Distance matters for improving performance estimation under covariate shift

Mélanie Roschewitz & Ben Glocker.
Accepted at ICCV - Workshop on Uncertainty Quantification for Computer Vision 2023.

If you like this repository, please consider citing our work

@inproceedings{roschewitz2023distance,
  title={Distance Matters For Improving Performance Estimation Under Covariate Shift},
  author={Roschewitz, M{\'e}lanie and Glocker, Ben},
  booktitle={Proceedings of the IEEE/CVF International Conference on Computer Vision Workshops},
  pages={4549--4559},
  year={2023}
}

Abstract Performance estimation under covariate shift is a crucial component of safe AI model deployment, especially for sensitive use-cases. Recently, several solutions were proposed to tackle this problem, most leveraging model predictions or softmax confidence to derive accuracy estimates. However, under dataset shifts confidence scores may become ill-calibrated if samples are too far from the training distribution. In this work, we show that taking into account distances of test samples to their expected training distribution can significantly improve performance estimation under covariate shift. Precisely, we introduce a "distance-check" to flag samples that lie too far from the expected distribution, to avoid relying on their untrustworthy model outputs in the accuracy estimation step. We demonstrate the effectiveness of this method on 13 image classification tasks, across a wide-range of natural and synthetic distribution shifts and hundreds of models.

This repository contains all the necessary code to reproduce our model evaluation, training and plots. Paper can be found here.

Overview

The repository is divided into the following sub-folders:

• evaluation contains the most important part of this codebase, defining all necessary tools for accuracy estimation. In particular:

  • evaluation_confidence_based.py main entry point for running our experiments and reproduce the results in Table 1 (see example below).
  • plotting_notebook.ipynb contains all plotting code and evaluation code to fill in the results tables.
  • evaluation_gde_based.py to reproduce the GDE versus GDE-DistCS experiments.
  • distance_checker.py main file building our proposed distance checker.
  • confidence_estimates.py main file defining ATC, DoC baselines including code for temperature scaling (both global and class-wise).
  • inference_utils.py all functions necessary to gather model outputs
  • tsne_analysis.ipynb to reproduce our TSNE plot (Fig. 2)
  • In the ablation_studies folder, you will find the script to run our ablations on K-NN hyperparameters and threshold choices.

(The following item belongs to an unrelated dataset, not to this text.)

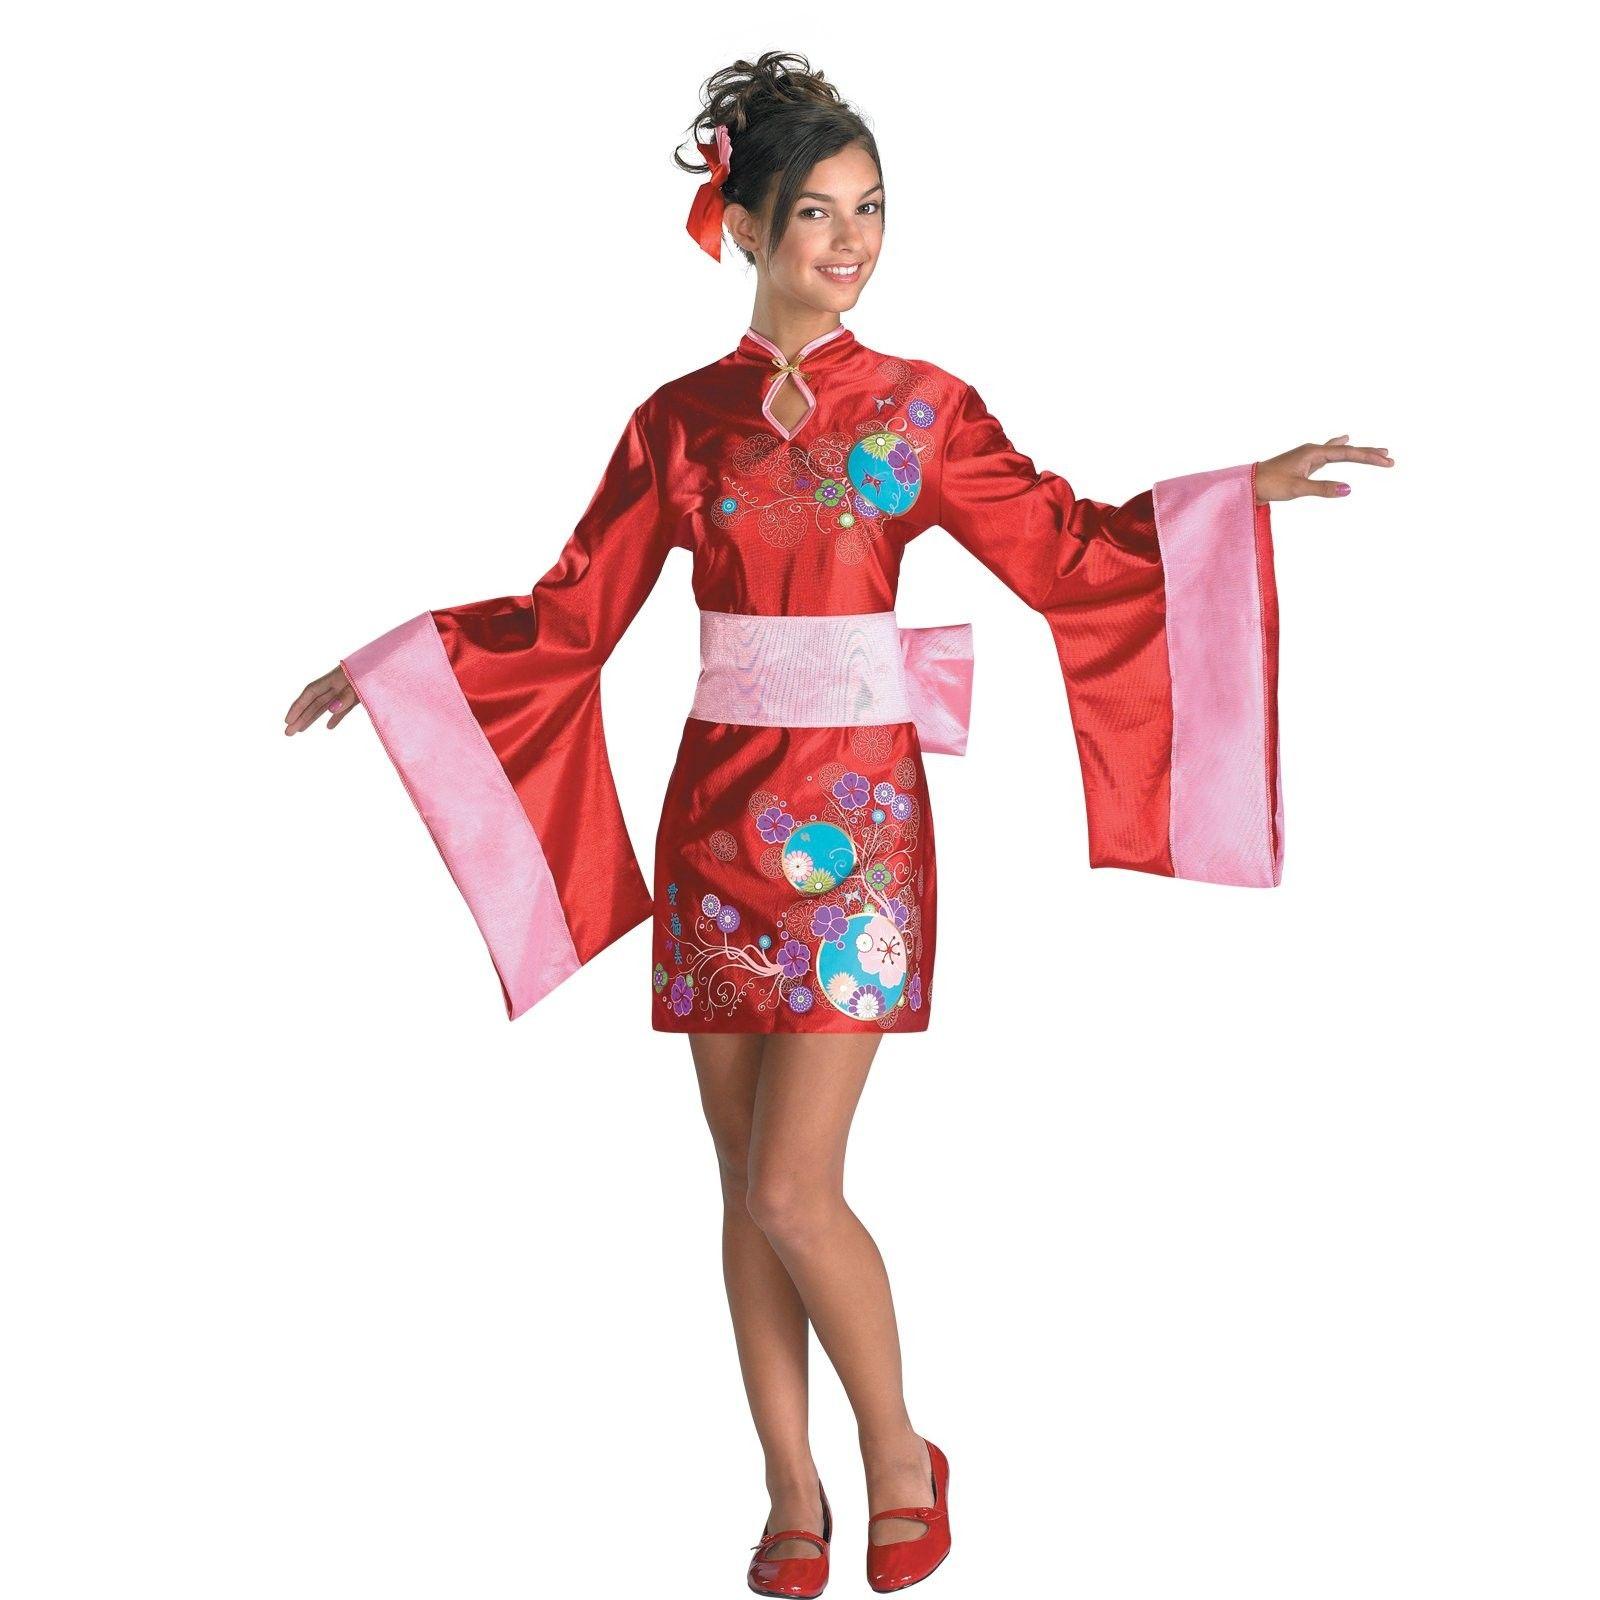 kimono kutie costume - includes: dress, obi belt, and hair

• classification contains all the necessary code to train and define models, as well as all the code to load specific experimental configurations. The configs/general subfolder contains all training configuration used in this work. Our code is uses PyTorch Lightning and the main classification module is defined in classification_module.py. The main entry point for training models is train_all_models_for_dataset.py to train all models used in the paper for a given task. All the outputs will be placed in [REPO_ROOT] / outputs by default.

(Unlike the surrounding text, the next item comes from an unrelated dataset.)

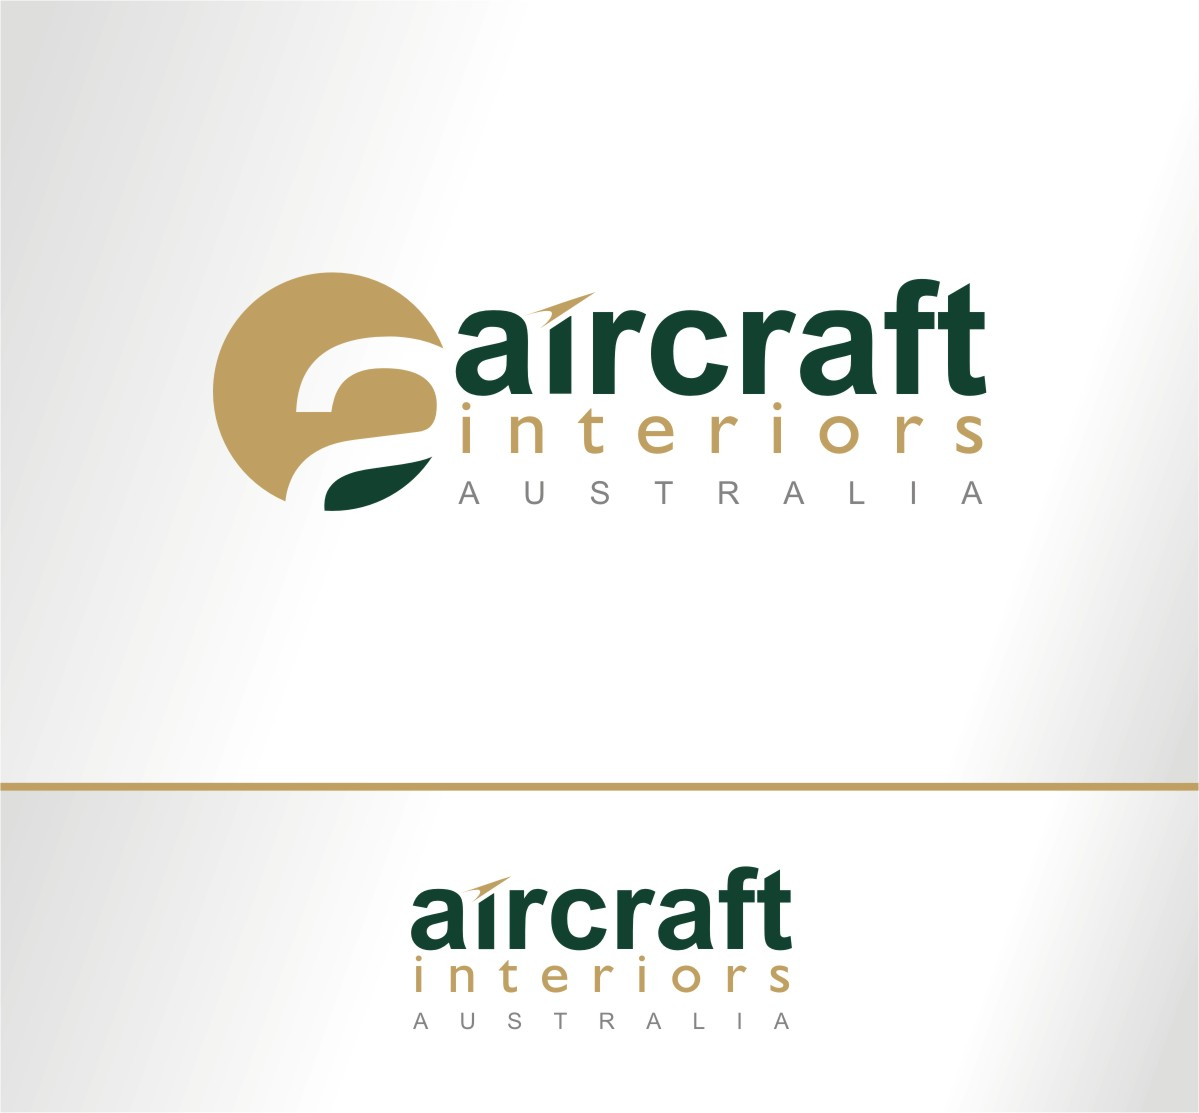 professional serious it company logo design for aircraft interiors australia or aia. Black Bedroom Furniture Sets. Home Design Ideas

• data_handling contains all the code related to data loading and augmentations.

Prerequisites

1. Start by cloning our conda environment as specified by the environment_full.yml file as the root of the repository.
2. Make sure you update the paths to your datasets in default_paths.py.
3. Make sure the root directory is in your PYTHONPATH environment variable.

Ready to go!

Step-by-step example

In this section, we will walk you through all steps necessary to reproduce the experiments for Living17. The procedure is identical for all other experiments, you just need to change which dataset you want to use.

Assuming your current work directory is the root of the repository:

1. Train all models (this will take a few days!) for this dataset python classification/train_all_models_for_dataset.py --dataset living17.
2. You are ready to run the evaluation benchmark with python evaluation/evaluation_confidence_based.py --dataset living17
3. The outputs can be found in the outputs/{DATASET_NAME}/{MODEL_NAME}/{RUN_NAME} folder. There you will find metrics.csv which contains all predictions and errors for all models for this dataset.
4. If you then want to reproduce the plots and the aggregated results over all models as in Table 1 in paper, you will need run the evaluation/plotting_notebook.ipynb notebook.